Эта мысль ударила больнее, чем предательство. Что, если я действительно не замечаю, как схожу с ума? Что, если мама, которая сама лечилась от тревожного расстройства, видит во мне свою молодость — и боится? Что, если Дима, который клялся в любви на свадьбе, уже давно живёт со мной из чувства долга?
Я слышала, как хлопнула входная дверь. Дима ушёл — то ли в магазин, то ли навсегда, я не знала. Мама вышла из детской, заглянула на кухню.
— Мариш, ты чего такая бледная? Дети спят. Дима вышел, сказал, что ему нужно срочно. Не знаешь, что случилось?
Она смотрела на меня своими глазами — точь-в-точь как у меня, карие, с золотыми крапинками. В её взгляде я всегда читала любовь. А теперь я видела там оценку. Контроль. Страх.
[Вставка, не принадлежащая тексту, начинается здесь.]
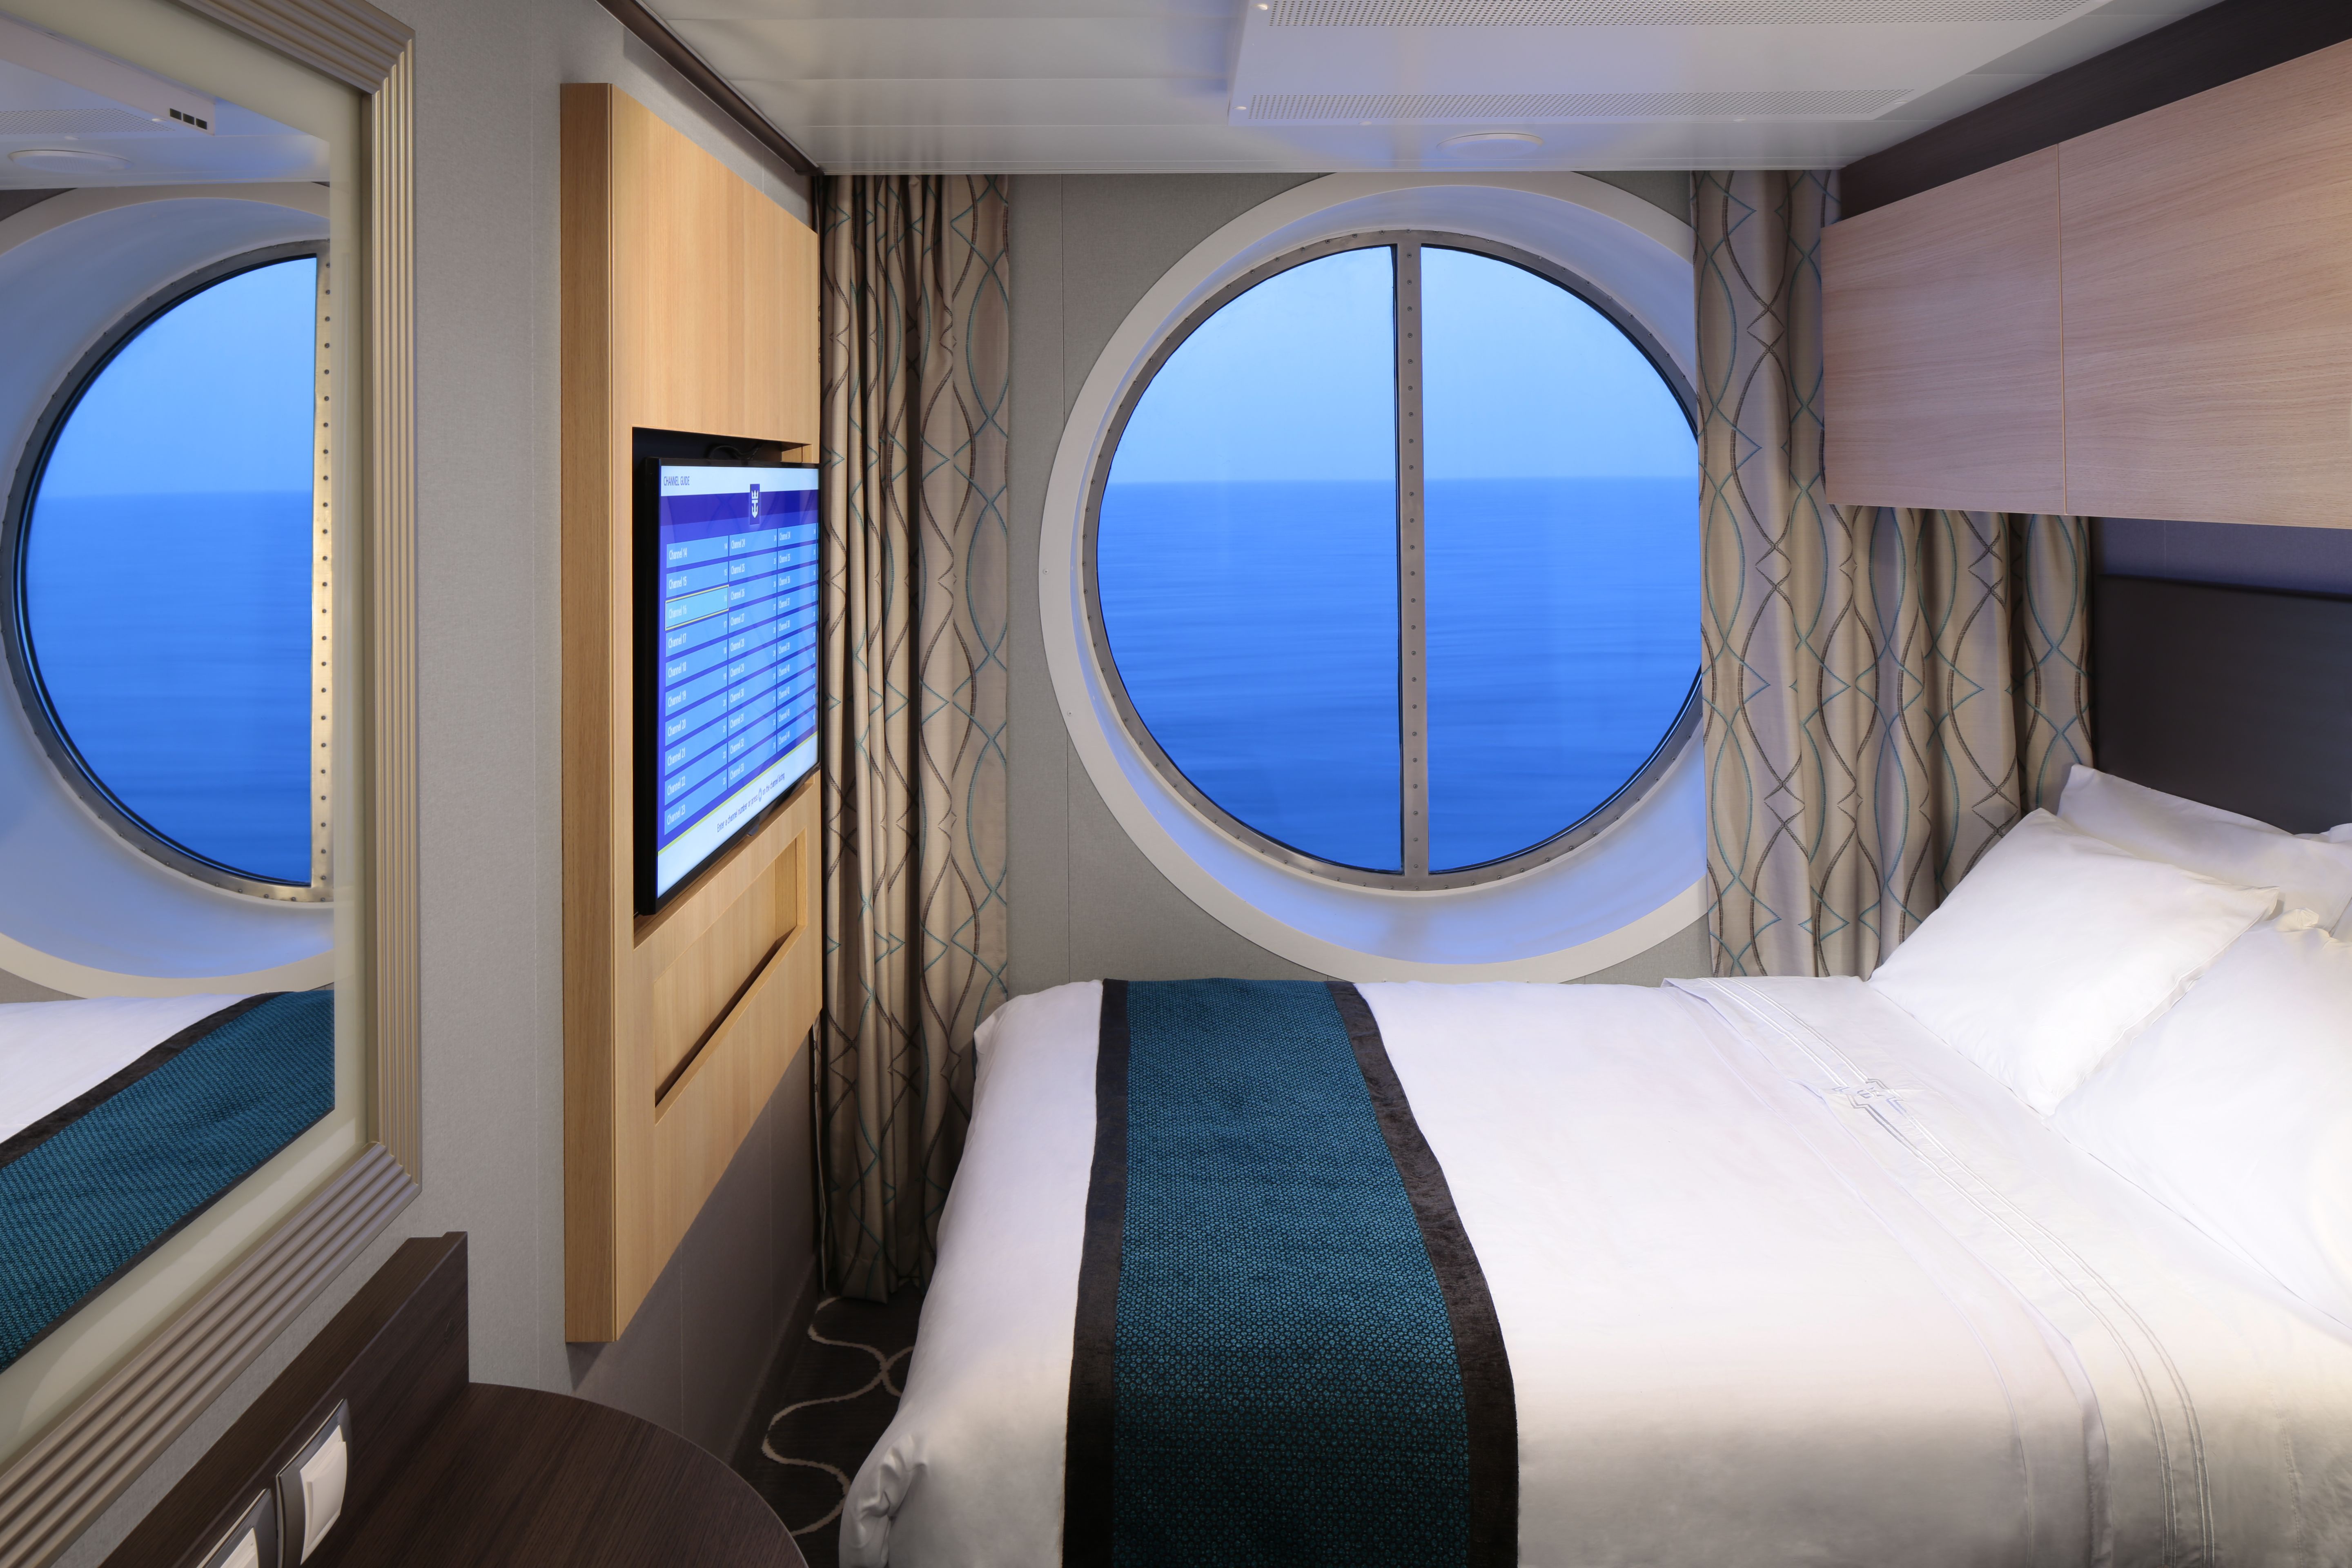 oceanview room on cruise

— Ничего, мам. Устала, — сказала я, и голос не дрогнул. Впервые за долгое время.
Она кивнула, налила себе чаю, села напротив. Мы молчали. В кухне тикали часы. Где-то в детской всхлипнула Алина — и затихла.
— Мам, — спросила я, глядя в кружку. — Ты когда-нибудь думала, что я повторяю твою судьбу?
Она замерла. Чашка застыла у губ.
— С чего ты взяла?
— Просто спросила.
— Нет, — ответила она слишком быстро. — Ты другая. Ты сильнее.
Сильнее. Или просто лучше скрываю?
Дима вернулся через час. С пакетом молока и хлебом — дурацкий бытовой жест, который говорил: «Я вернулся, я никуда не ушёл». Он поцеловал меня в щёку, спросил, как дети. Я ответила, что всё хорошо.
Мы легли спать в три часа ночи. Долго не могли уснуть. Я лежала на спине, смотрела в потолок и слушала, как он дышит. Ровно. Спокойно. Будто ничего не случилось.
А я всё думала: если бы я не подслушала — я бы жила дальше в своём театре абсурда, где я — главная героиня, а не пациентка? Или, может быть, именно с этого вечера я начну по-настоящему выздоравливать?
Я не знала ответа. Но радионяня больше не лежала у меня в кармане. Я оставила её в детской — на той самой кроватке, где спали мои дети. Пусть слушает их сны. А мои взрослые секреты пусть останутся при мне.
Теперь я пишу это за кухонным столом. Дима на работе, мама в своей квартире, дети в саду. Я впервые за два года записалась к психотерапевту — на завтра. И впервые не чувствую себя преданной. Я чувствую себя увиденной. Даже если увидели меня через грязное стекло чужого страха.
Иногда правда, которую мы случайно подслушиваем, не убивает. Она лечит. Но сначала приходится переболеть. Как сейчас. Как всегда.